Provided data:
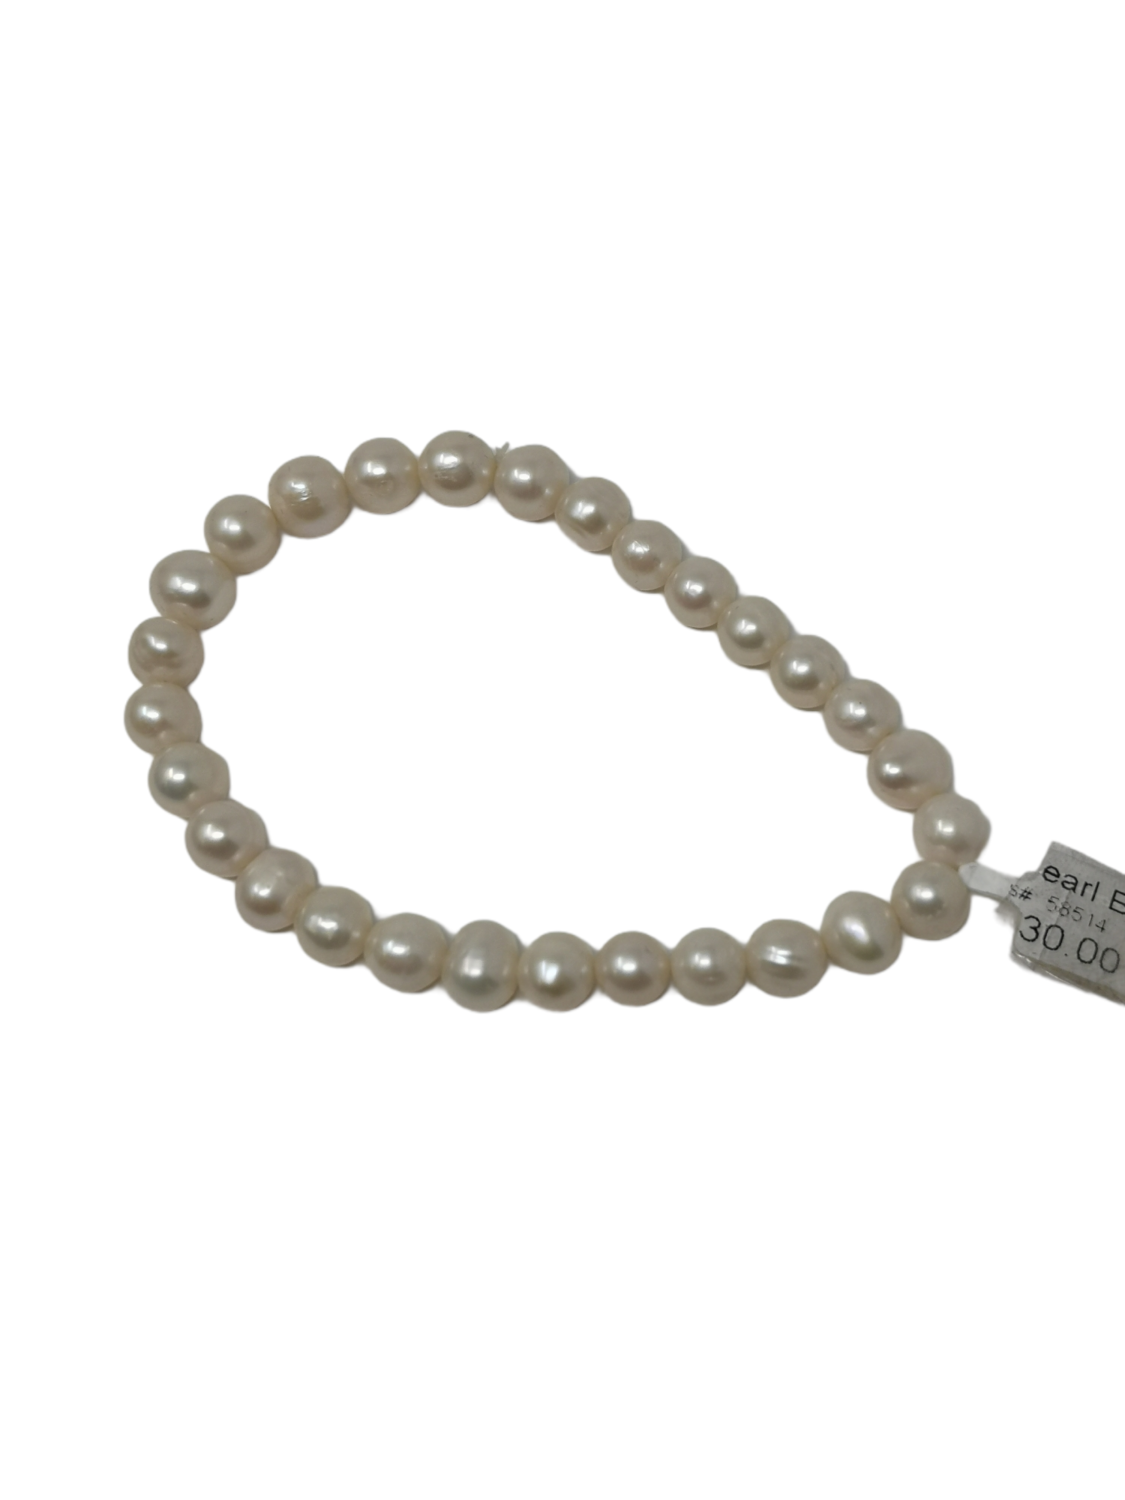 Bracelet White Pearls
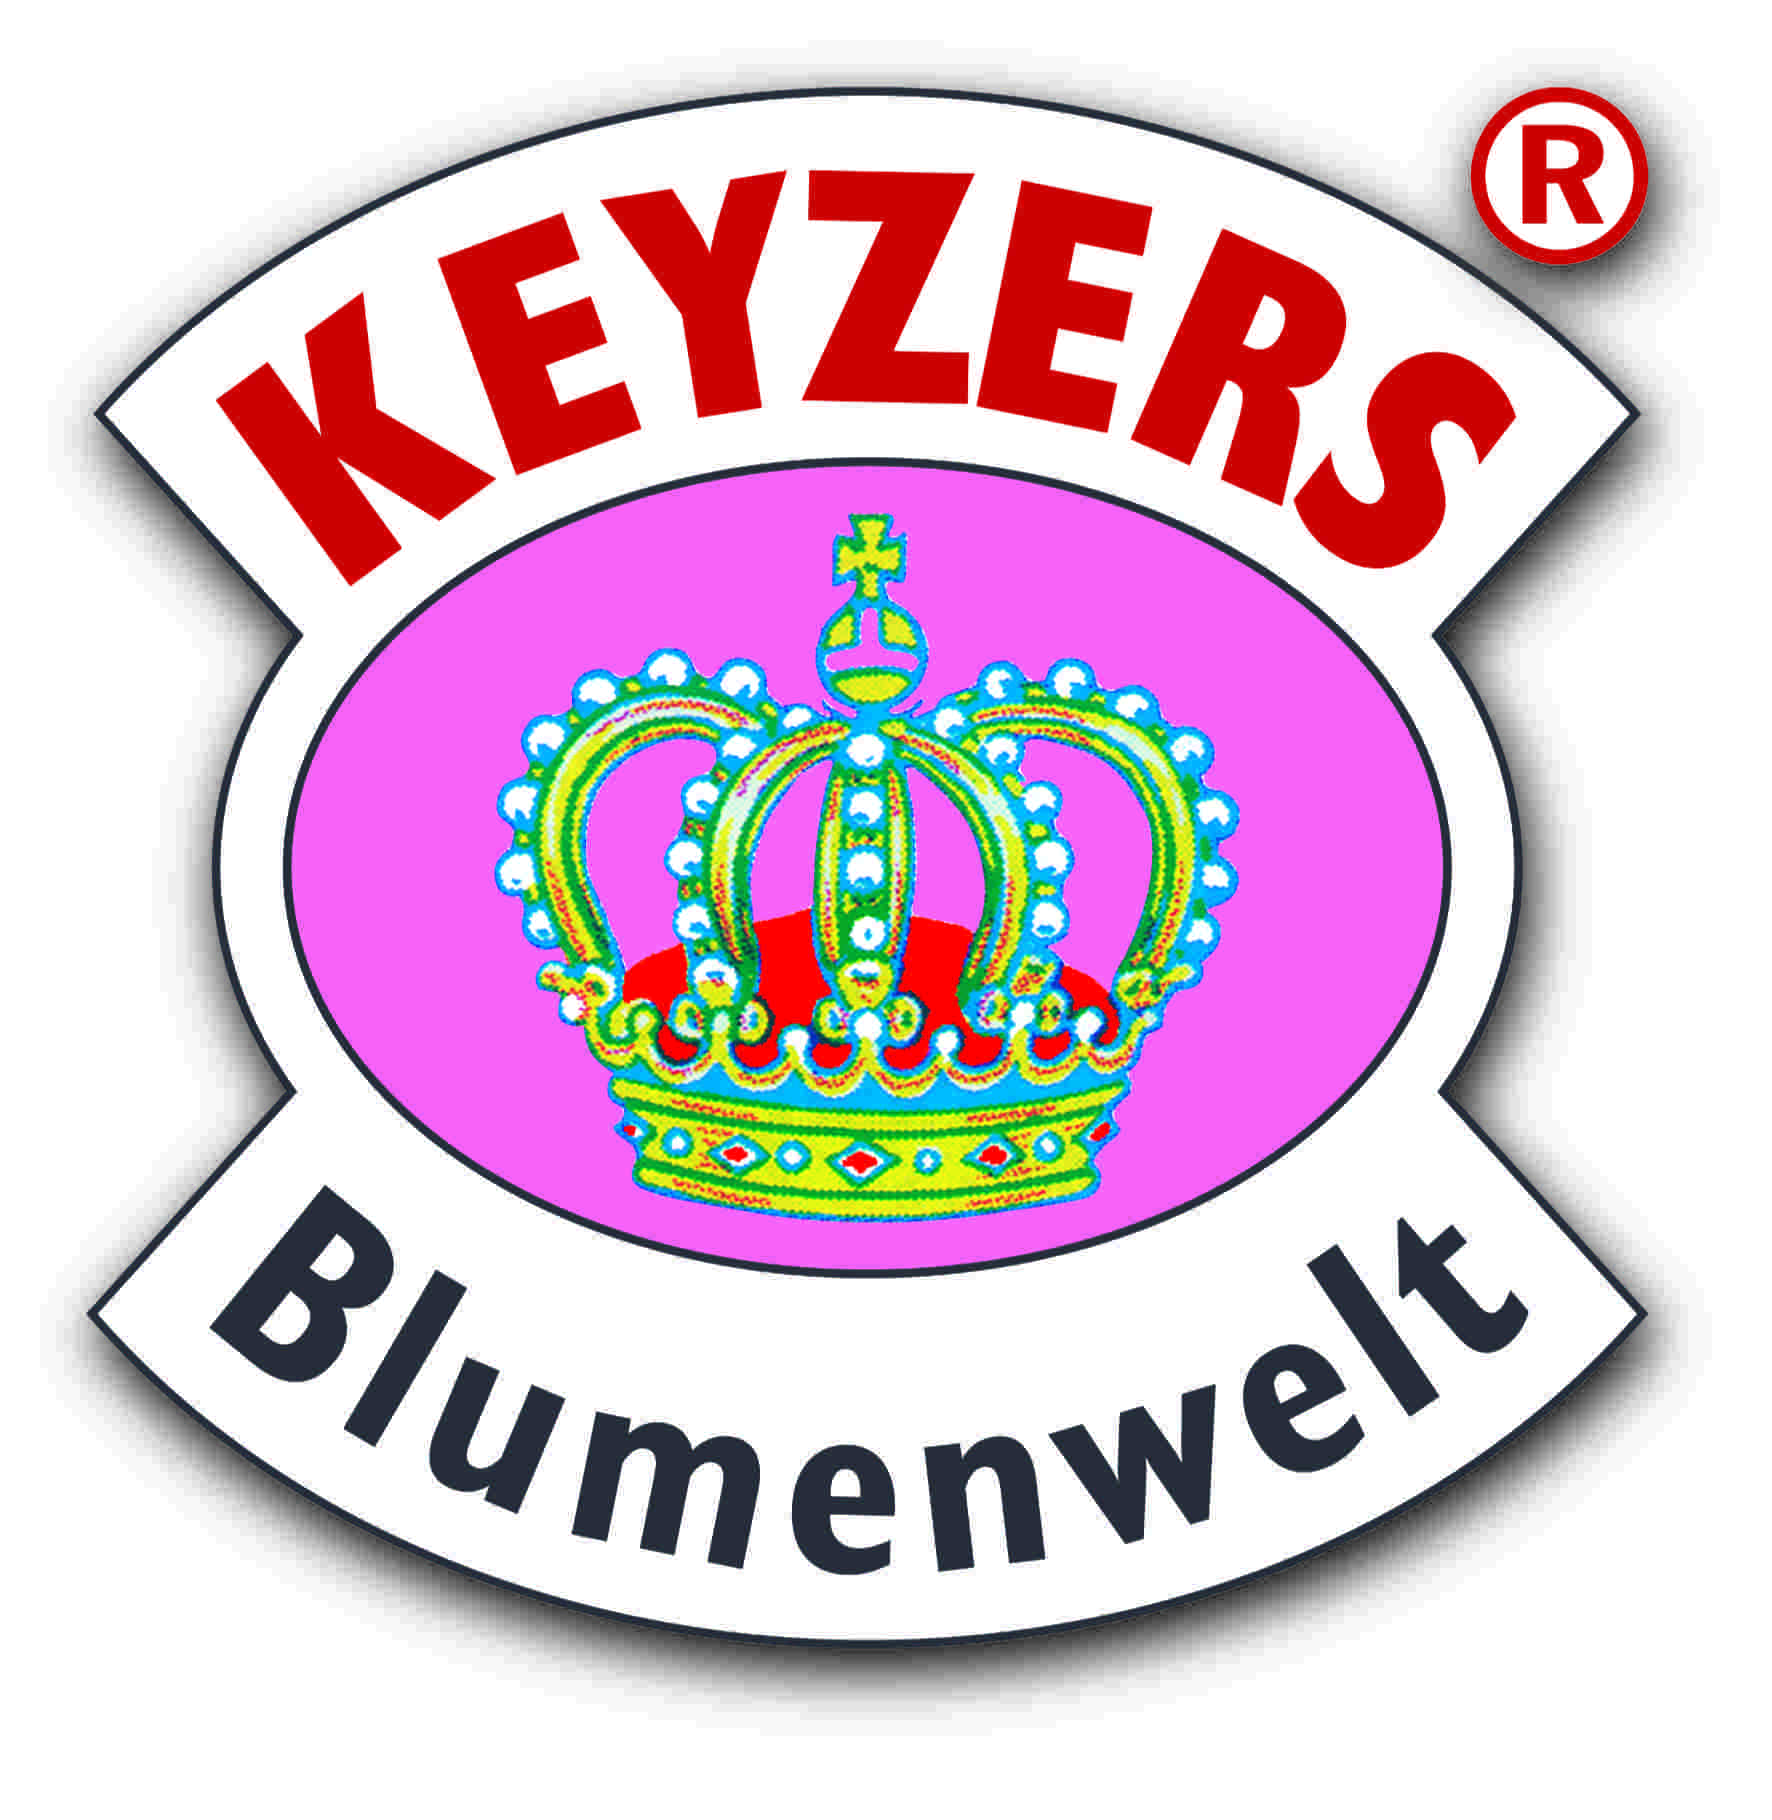 KEYZERS® Pflanzen- und Blumenwelt GmbH
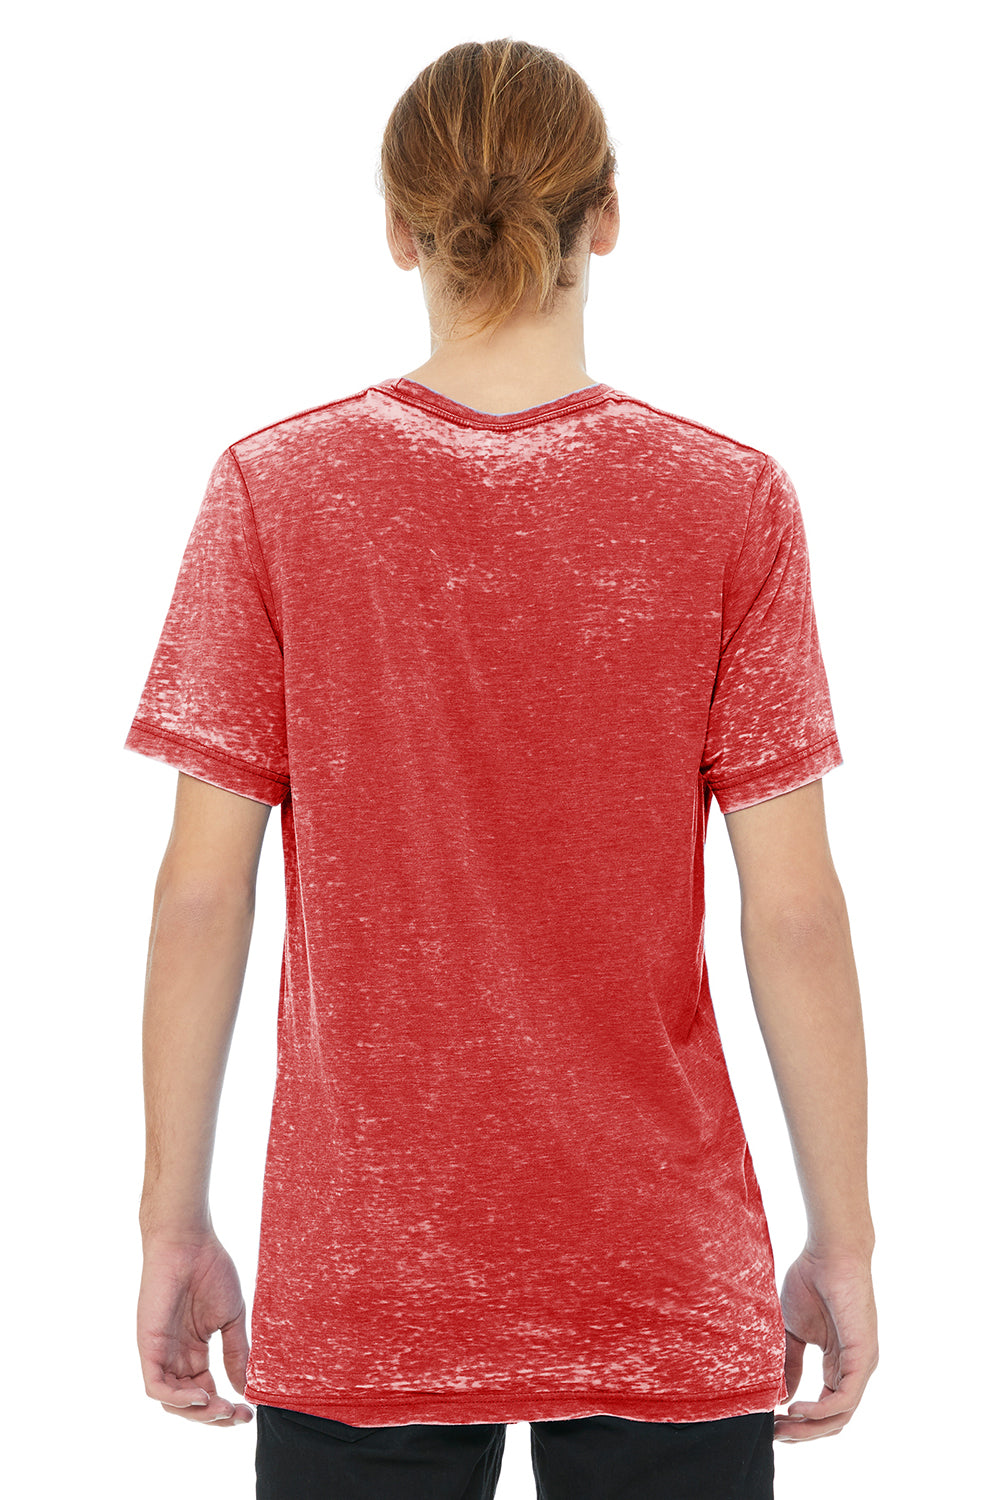 Bella + Canvas 3650 Mens Short Sleeve Crewneck T-Shirt Red Acid Washed Back

Task prompt:
Retype the listing exactly. Leave the pictures out.

Solution below:
 Bracelet White Pearls
 KEYZERS® Pflanzen- und Blumenwelt GmbH
 Bella + Canvas 3650 Mens Short Sleeve Crewneck T-Shirt Red Acid Washed Back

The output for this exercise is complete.